Cette fiche résume une communication d’Etienne Le Roy. L’auteur prend vigoureusement le contrepied des thèses d’Hernando de Soto (« Le mystère du capital »).

Le titre est la paraphrase de celui d’un ouvrage d’Hernando de Soto, gourou de la Banque mondiale pour ce qui concerne la problématique foncière, The Mystery of Capital. Le message de cet auteur, dont on retrouvera les arguments ultérieurement, est ainsi présenté dans la revue Marchés Tropicaux : « (l)es pays en voie de développement dorment sur un capital considérable, la première des richesses, celle sur laquelle tout pays prospère a jeté les bases de son développement économique : le foncier ». Si donc leur développement est bloqué c’est « tout simplement parce qu’ils ne se sont pas dotés d’instruments fiables de protection de la propriété » (Faux 2004). La généralisation de la propriété privée serait donc « la » clef du déblocage des économies, ce qu’explique Hernando de Soto : « En Occident, toute parcelle de terrain, toute construction, toute machine, tout stock est représenté par un titre de propriété qui est le signe visible d’un vaste processus caché reliant tous ces biens au reste de l’économie. (…) Grâce à ce processus, l’Occident confère une vie propre aux biens et leur permet de générer du capital » (de Soto 2005 : 15) Pour discuter les arguments de cette thèse, nous avons introduit dans un sous-titre diverses précisions qui devraient permettre de circonscrire le débat.

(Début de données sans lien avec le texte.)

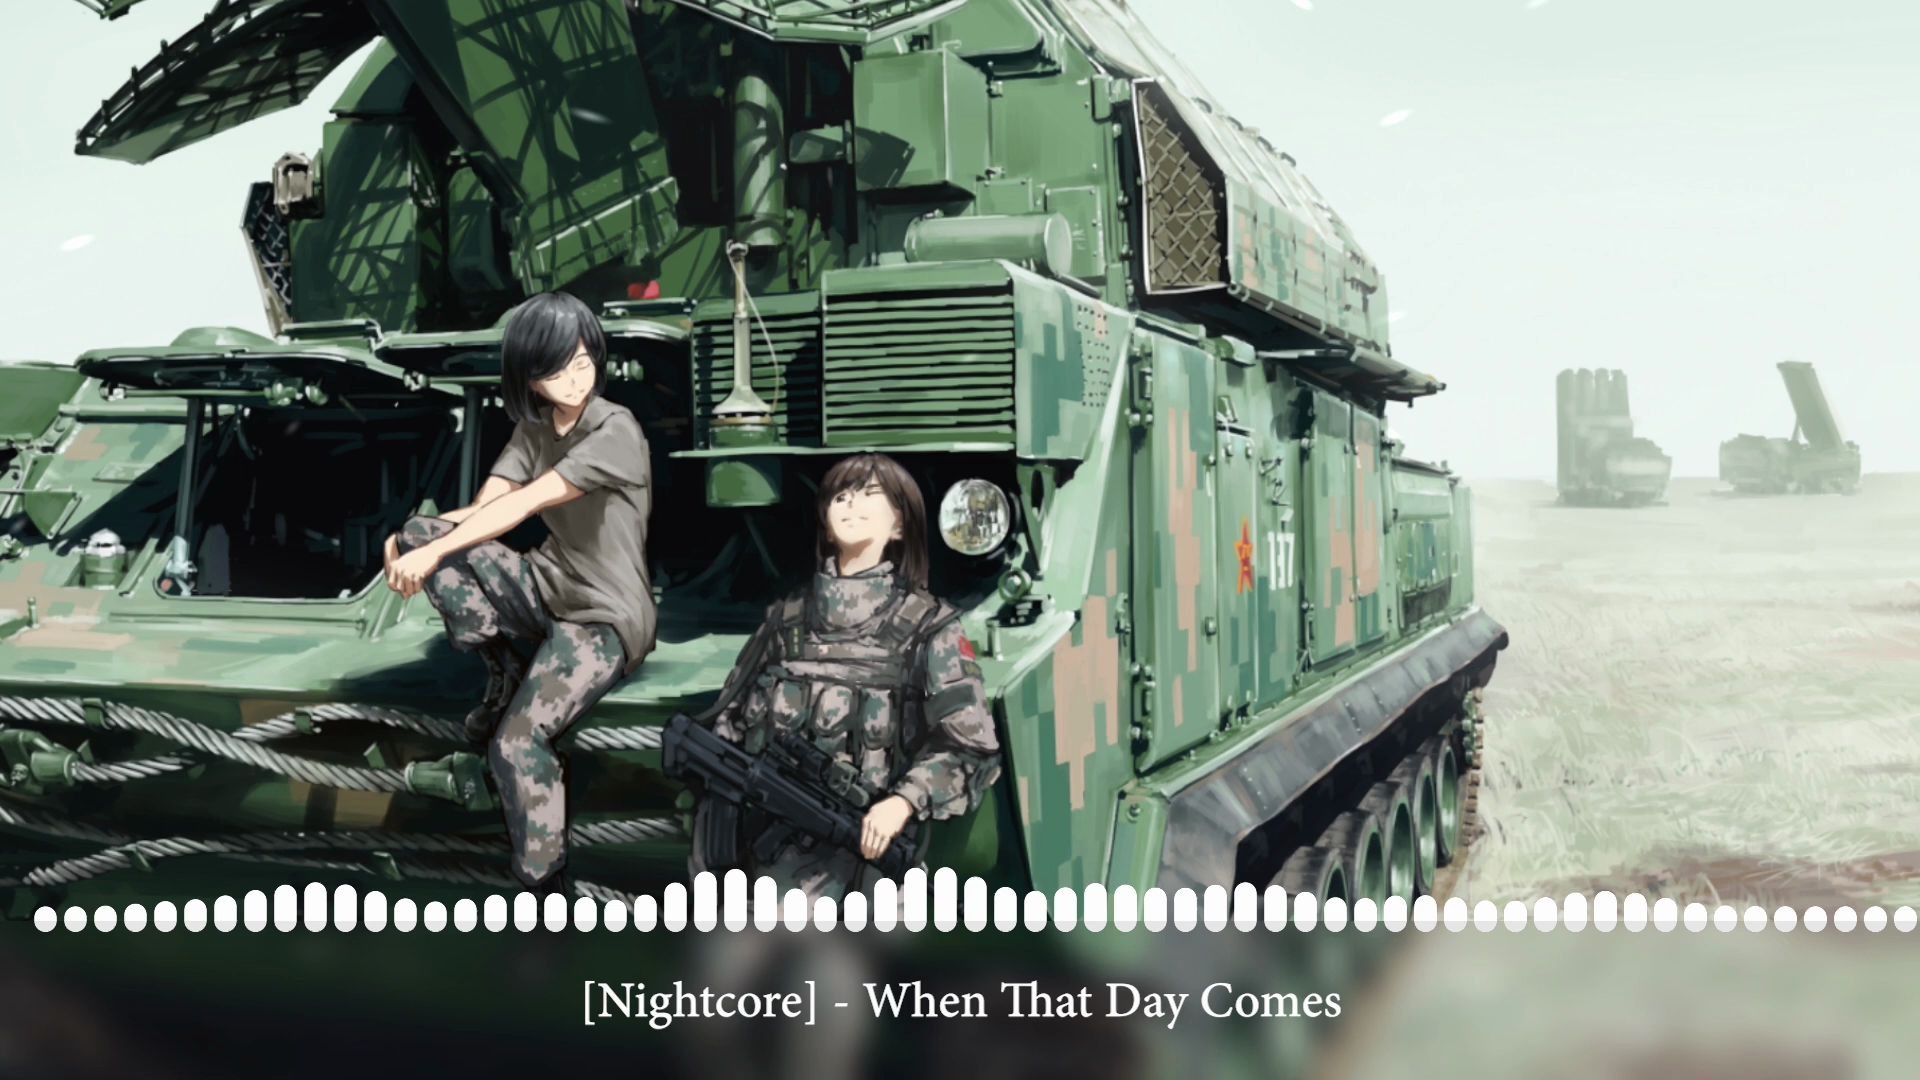 【搬运】Nightcore: 当那一天来临 | 中国人民解放军乐曲 | Nightcore by Samuel Farina

Ce débat porte non sur la propriété en général mais sur la propriété privée, c’est-à-dire sur « le droit de jouir et de disposer des choses de la manière la plus absolue à condition de respecter les lois et règlements en vigueur » (article 544 du Code civil dit Code Napoléon de 1804). Son trait discriminant est le caractère discrétionnaire d’une aliénation dont on devra mesurer les incidences par la suite. On ne conteste pas ici qu’une grande majorité de sociétés du « Sud » connaissent des formes de « propriété » de la terre, même si le terme propriété prêtant à confusion, il serait judicieux d’en limiter l’usage. Mais ces formes de « propriété » connotent des situations d’affectation de la terre à un usage (la terre est appropriée à la riziculture ou à l’élevage pastoral, d’où la reconnaissance de maîtrises foncières spécialisées et plus ou moins exclusives) et non de réservation d’un capital foncier à un usager, approprié par ce dernier comme un bien avec la faculté d’en disposer « de la manière la plus absolue » (Le Bris, Le Roy, Mathieu 1991).

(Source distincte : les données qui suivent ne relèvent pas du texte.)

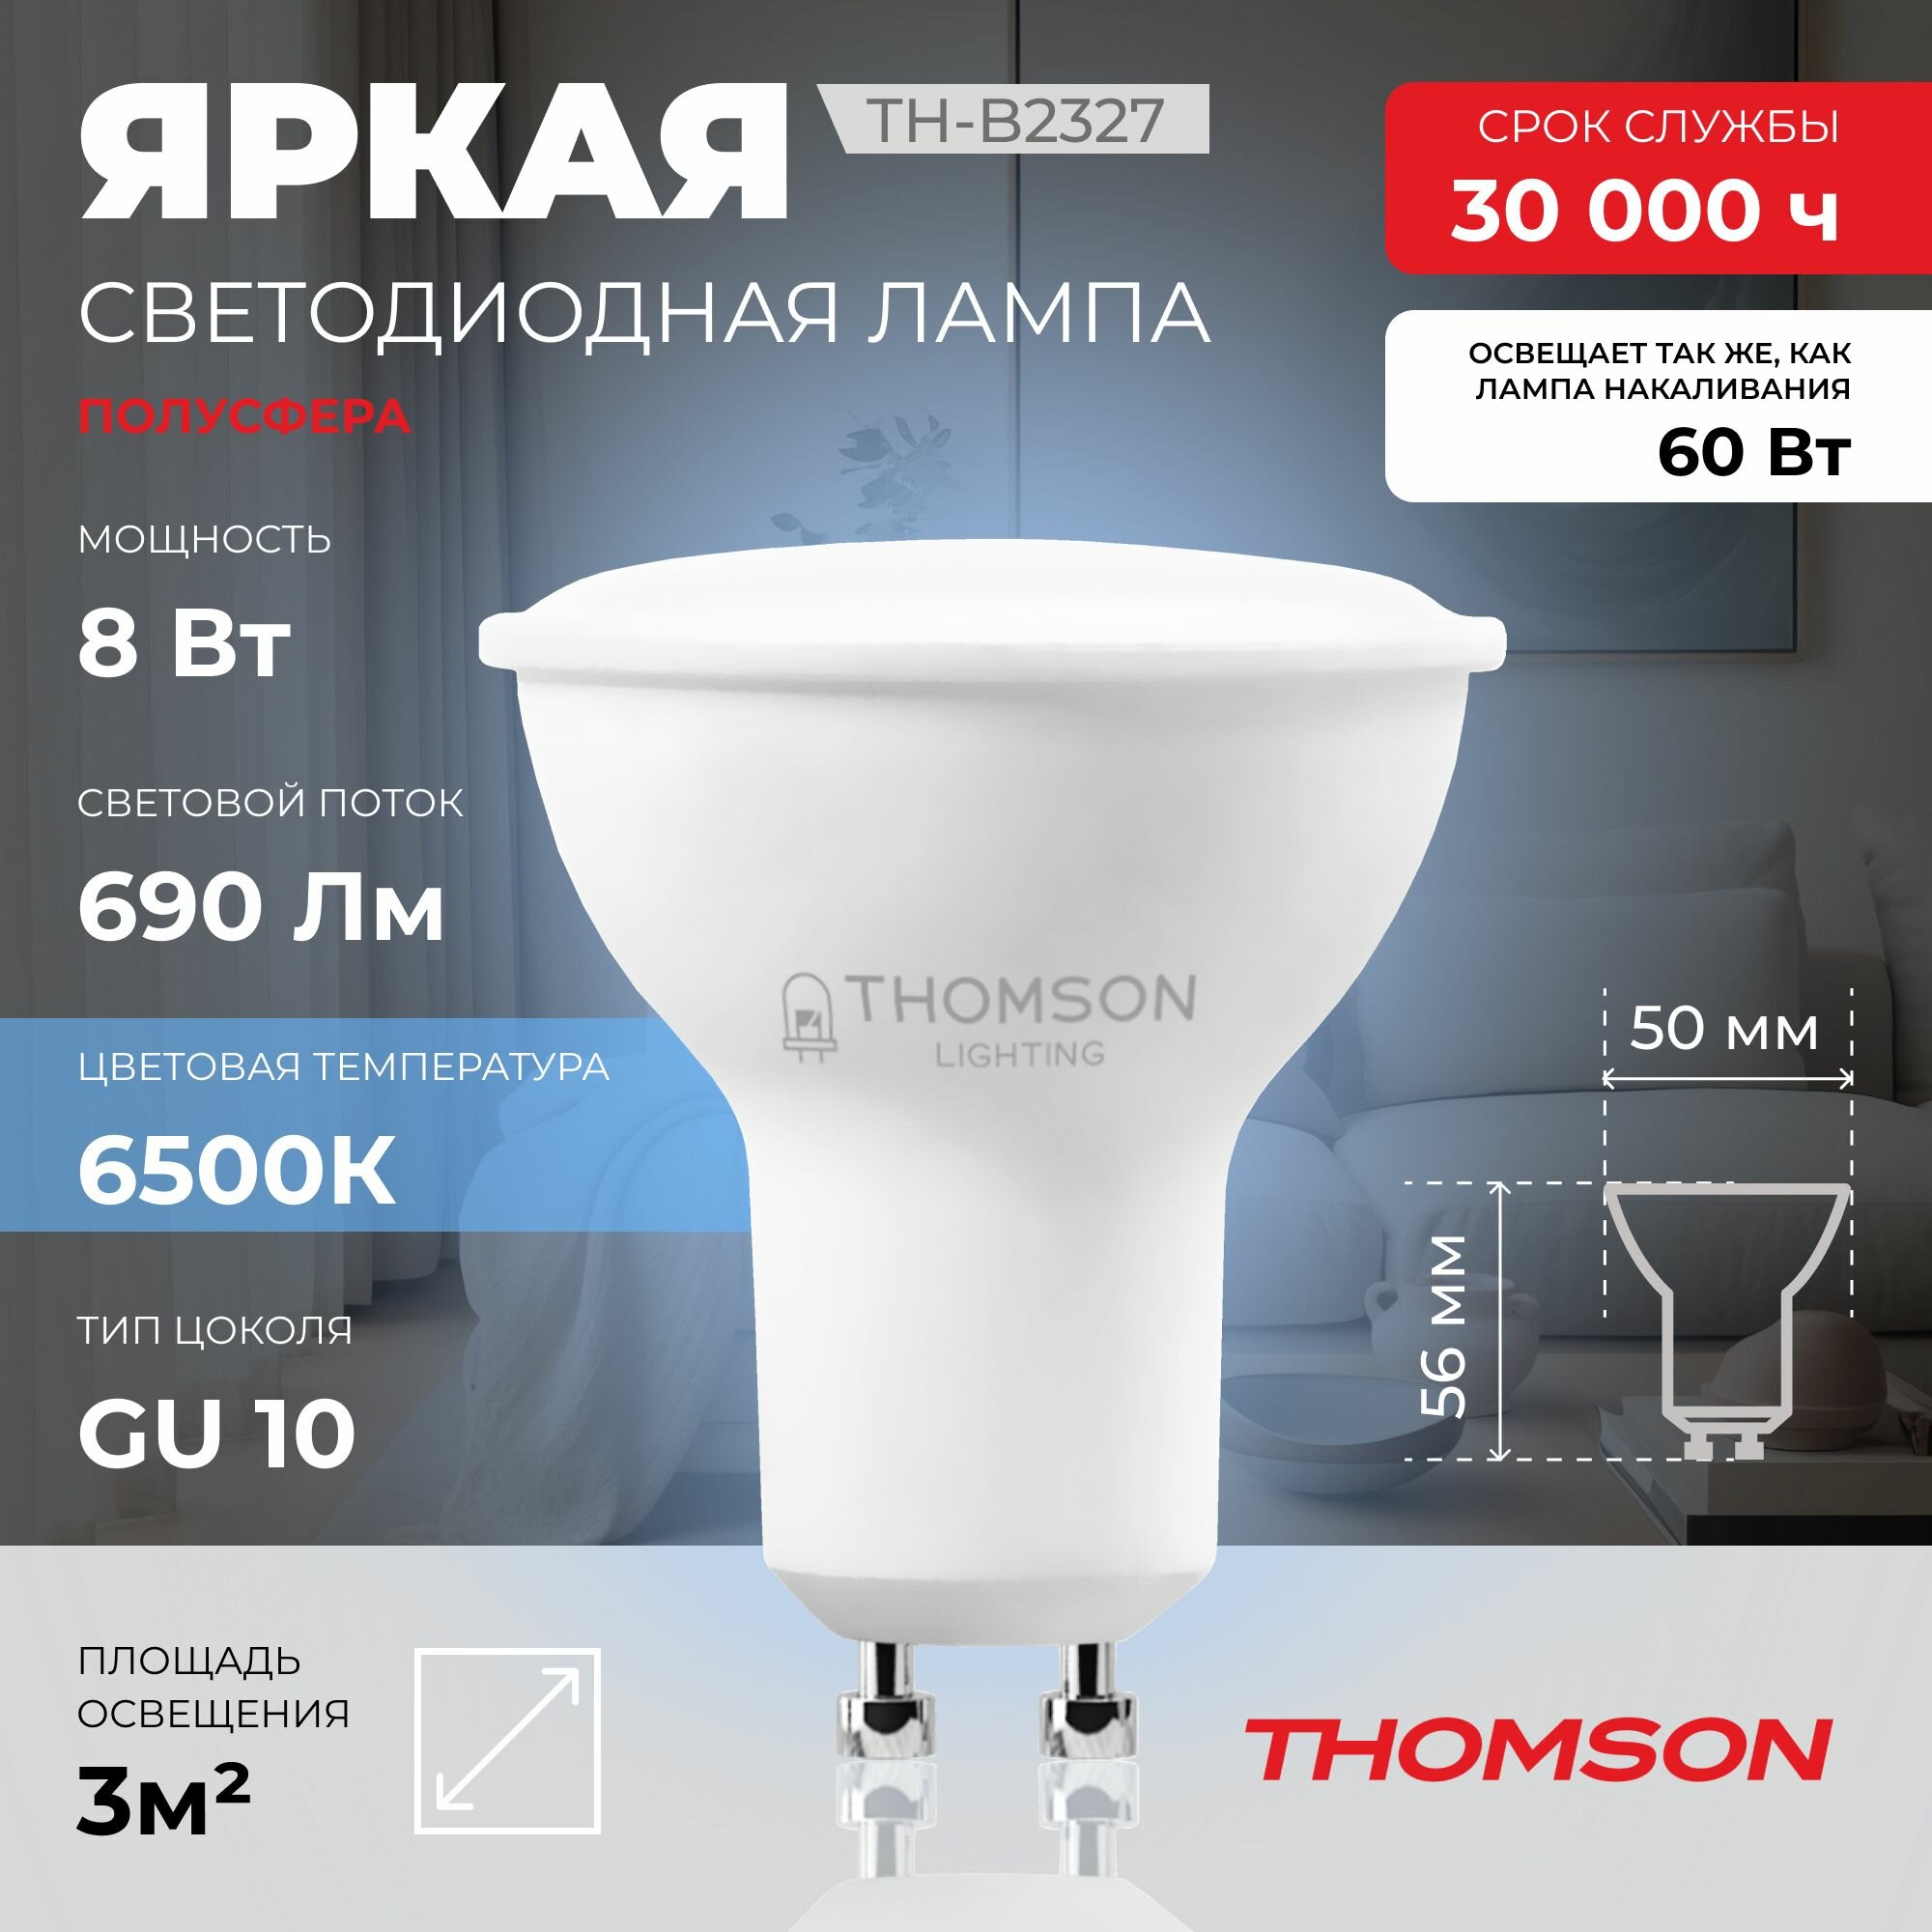 Лампочка Thomson TH-B2327 8 Вт, GU10, полусфера 6500K, MR16, холодный белый свет

Deuxièmement, nous traitons ici de politiques foncières, donc de choix que les autorités locales ou nationales peuvent ou doivent réaliser, en se prononçant sur le type de garanties qu’elles acceptent de reconnaître et d’organiser pour assurer la sécurité des transactions. Cette approche concerne également les faits de gouvernance qui en sont la dimension pratique, le mode de concrétisation des choix de politique juridique. La sécurité foncière ne tient que secondairement à la détention de titres et au caractère plus ou moins absolu du droit ainsi reconnu. La véritable garantie ne peut être apportée que par l’autorité publique représentant l’intérêt général. Si cette autorité est faible, absente, corruptible, hésitante ou exagérément dominée par la protection des intérêts d’une minorité, nul titre ne suffit à garantir la sécurité des transactions si un consensus a minima ne légitime pas l’exercice des droits invoqués.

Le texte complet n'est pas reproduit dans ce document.